Where to compute the cluster assignments? Consider the stage-wise pyramidical architecture of assembling ViT blocks, a stage consists of a number of blocks. We test two settings: block-wise by computing the cluster assignment for each block, or stage-wise by computing it only in the first block in a stage and then sharing it with the remaining blocks. Both give comparable performance. The latter is more efficient when the model becomes deeper.

How to compute the cluster assignment?

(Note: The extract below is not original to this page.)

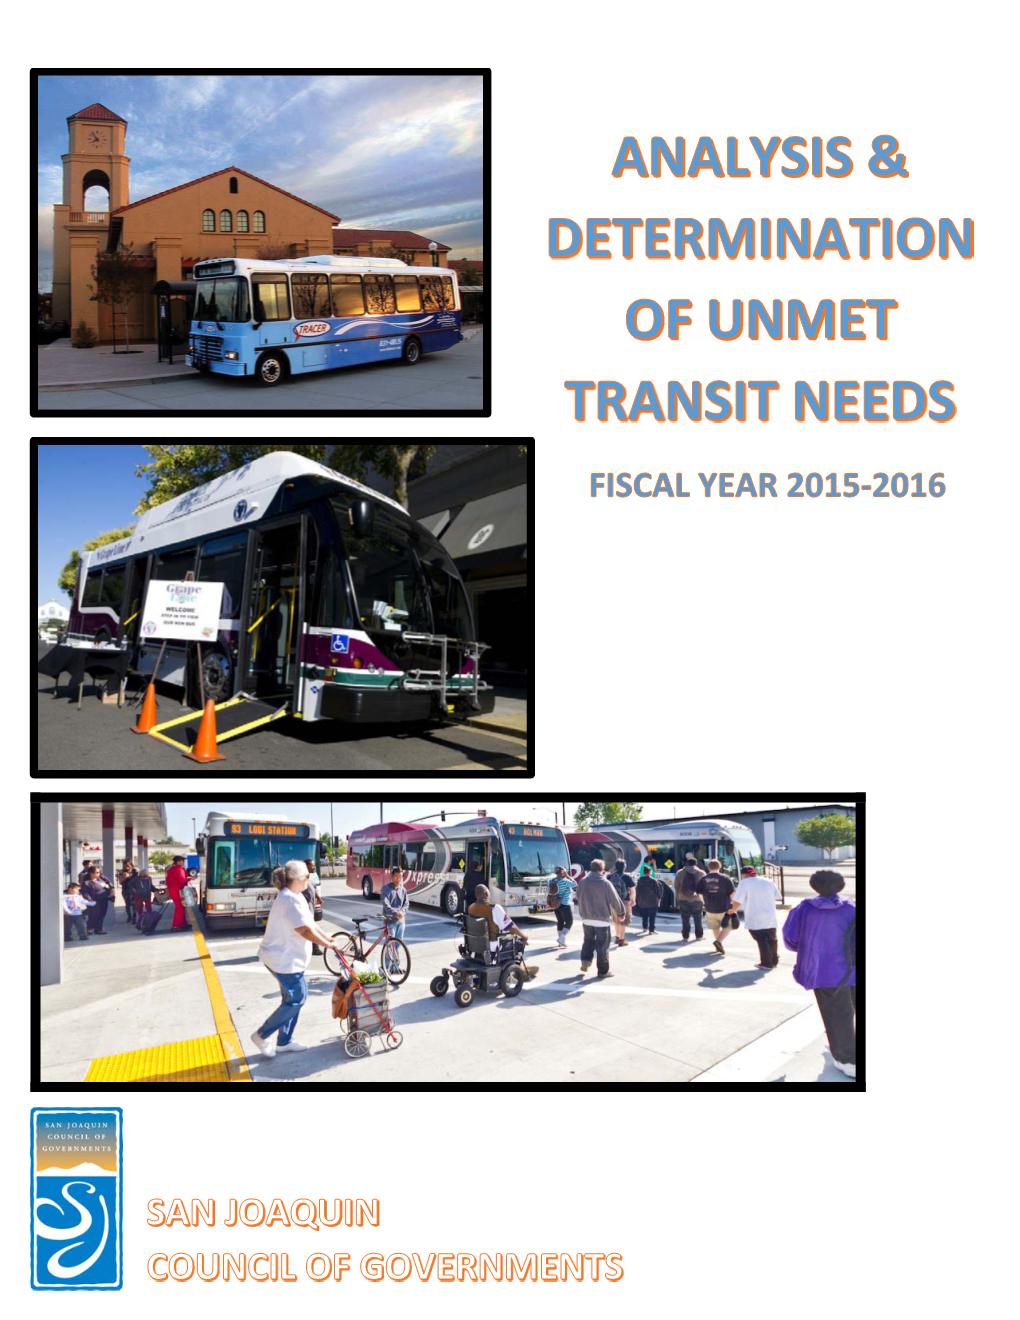 Analysis and Determination of Unmet Transit Needs for Fiscal Year 2015-2016

We also test two settings: using 2D convolution or Multi-Layer Perceptron (MLP) based implementation. Both have similar performance. The latter is more generic and sheds light on exploiting PaCa for more general Token-to-Cluster attention (ToCa) in a domain agnostic way.

How to leverage an external clustering teacher? We investigate a method of exploiting a lightweight convolution neural network in learning the cluster assignments that are shared by all blocks in a stage. It gives some interesting observations, and potentially pave a way for distilling large foundation models.

What if the number of clusters is known? We further extend the PaCa module in designing an effective head sub-network for dense prediction tasks such as image semantic segmentation where the number of clusters $M$ is available based on the ground-truth number of classes and the learned cluster assignment $\mathcal{C}_{N, M}$ has direct supervision. The PaCa segmentation head significantly improves the performance with reduced model complexity.

Results and Trained Models

(please refer to the paper for details of the settings)

[] To leverage the efficient implementation of multi-head self-attention via the xformers package, the head dimensions should be divisible by $32$, for which we can change the number of heads in the current archtectural settings accordingly. We have observed significantly faster training in our on-going experiments.
[] We did not test the simpler linear projection based clustering module (i.e., Linear+Softmax) in our paper (in addition the convolution-based and mlp-based clustering modules), which we have preliminarily observed is also effective using the blockwise clustering setting.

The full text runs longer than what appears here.